Through practice, I’ve come to see that the deepest source of my misery is not wanting things to be the way they are. Not wanting myself to be the way I am. Not wanting the world to be the way it is. Not wanting others to be the way they are. Whenever I’m suffering, I find this war with reality to be at the heart of the problem.” -Stephen Cope
This is the season of Thanksgiving and everyone is expected to bury all the things that are bothering them and just focus on that for which you are grateful.
Ugh! This might explain why everyone eats and drinks so much on Thanksgiving – all those squashed feelings
Now don’t get me wrong – I have a list of things I am thankful for – but I also have things that I am unhappy about.
Like feeling sad that I am unable to share the upcoming holiday with certain living (and passed) loved ones.
Holiday memories can be helpful and hurtful at the same time.
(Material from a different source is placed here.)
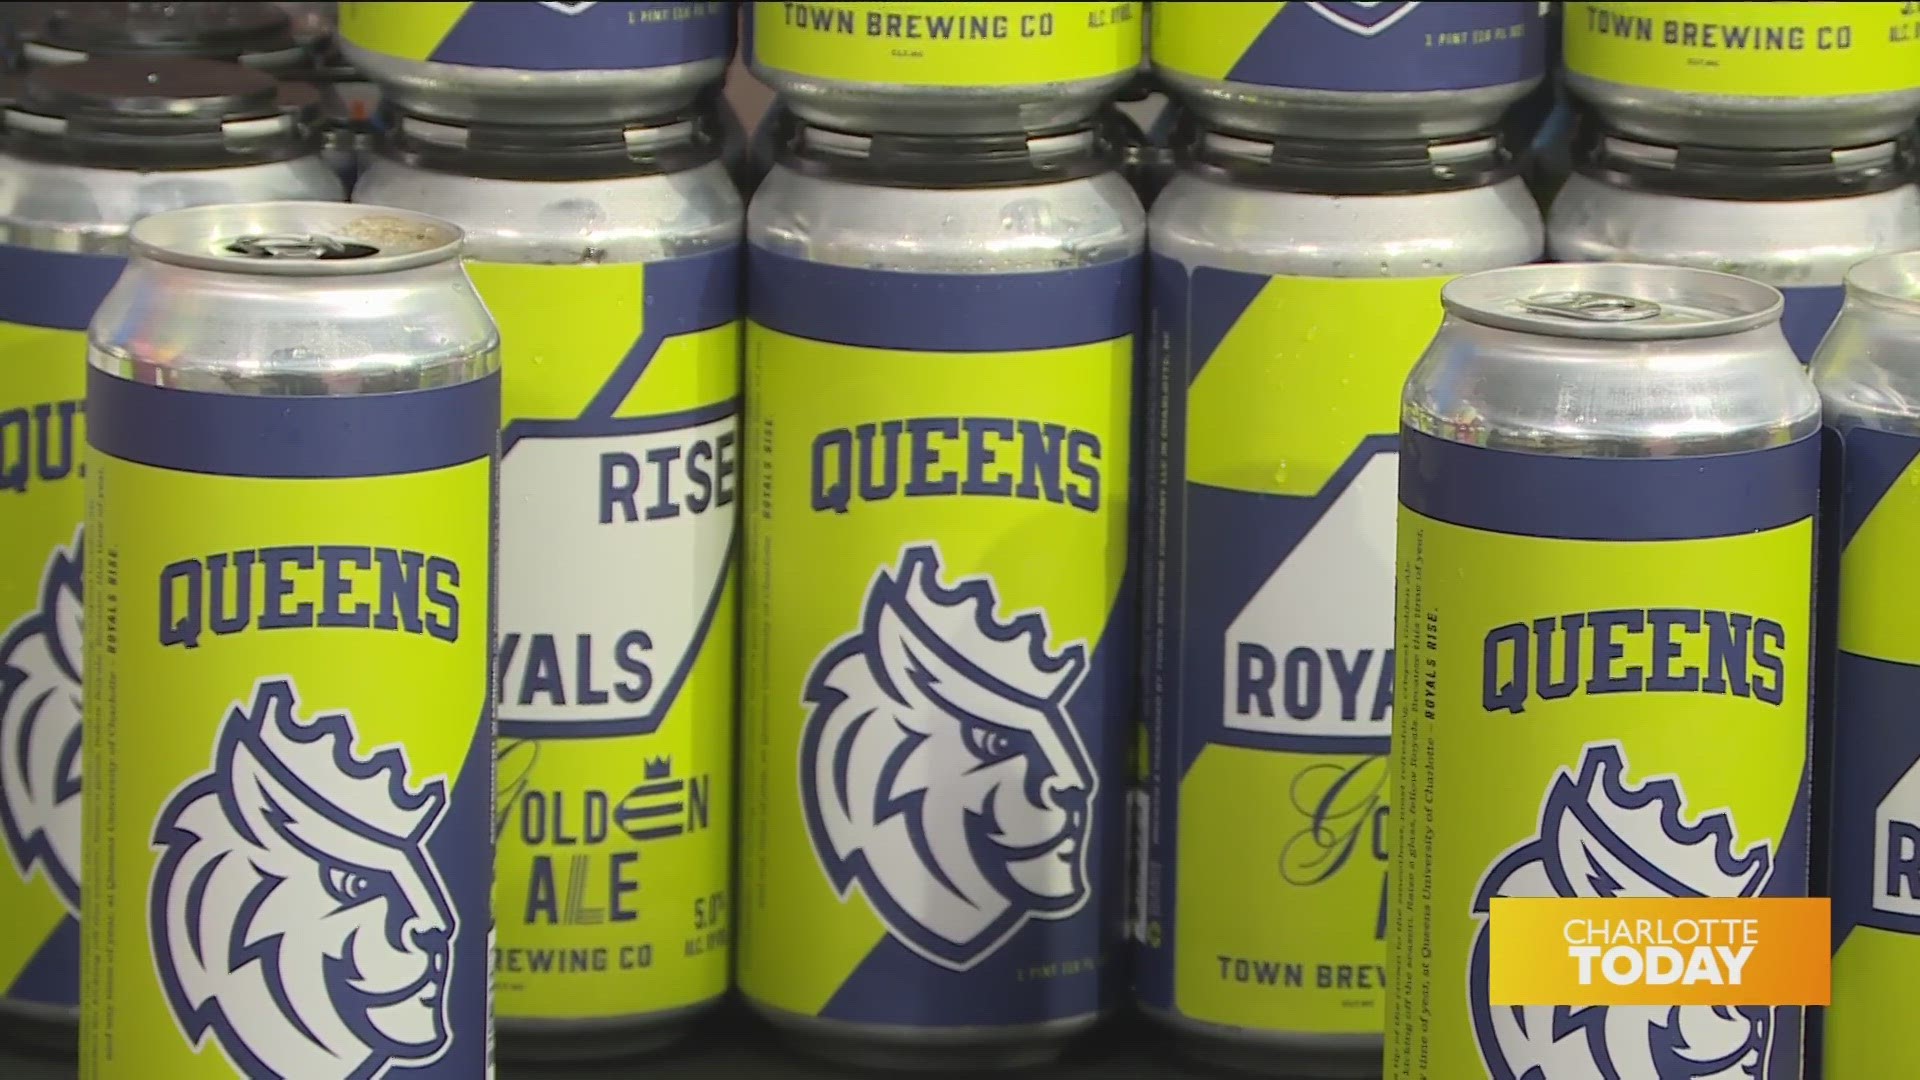 Enjoy the newest beer by Town Brewing & Queens University

This is where staying in the moment, and accepting things as they are can morph a sad moment into a more peaceful one.
Are there things you can accept about yourself, your friends/family and the world that could bring you more peace this holiday?
I am trying to accept that I will not be with my children for Thanksgiving again because they will be with my ex. And although I have no desire to take a plane to rural Florida for the holiday – I would rather be with them anywhere - then be without them.
But this is my life now. I am divorced, I am a single mother and my life and holiday experiences have changed as a result. Some for the worse and some for the better.
Accepting where I am, in this moment, has been an excellent appetizer for the upcoming Thanksgiving holiday. Setting an intention of contentment during yoga practice has helped me find some peace - when otherwise I would have squashed my negative feelings. Now maybe I can genuinely focus on what I am thankful for this year.
Last Thanksgiving I was also without my kids - and to work through my sadness - I took a Gratitude yoga class at a local yoga studio. Then I spent my first Thanksgiving with my boyfriend and a friend’s family that had also experienced a tumultuous year.
This year I will be teaching a Gratitude yoga class at the West Chester YMCA Airport Road branch (8 AM Thursday). And I will be cooking Thanksgiving dinner with aforementioned boyfriend and his family.
Some things have definitely changed for the better - and for that I am truly thankful.
“Grant me the serenity to accept the things I cannot change, the courage to change the things I can, and the wisdom to know the difference.” - Reinhold Niebuhr
Wishing you and yours a peaceful and joyous Thanksgiving!!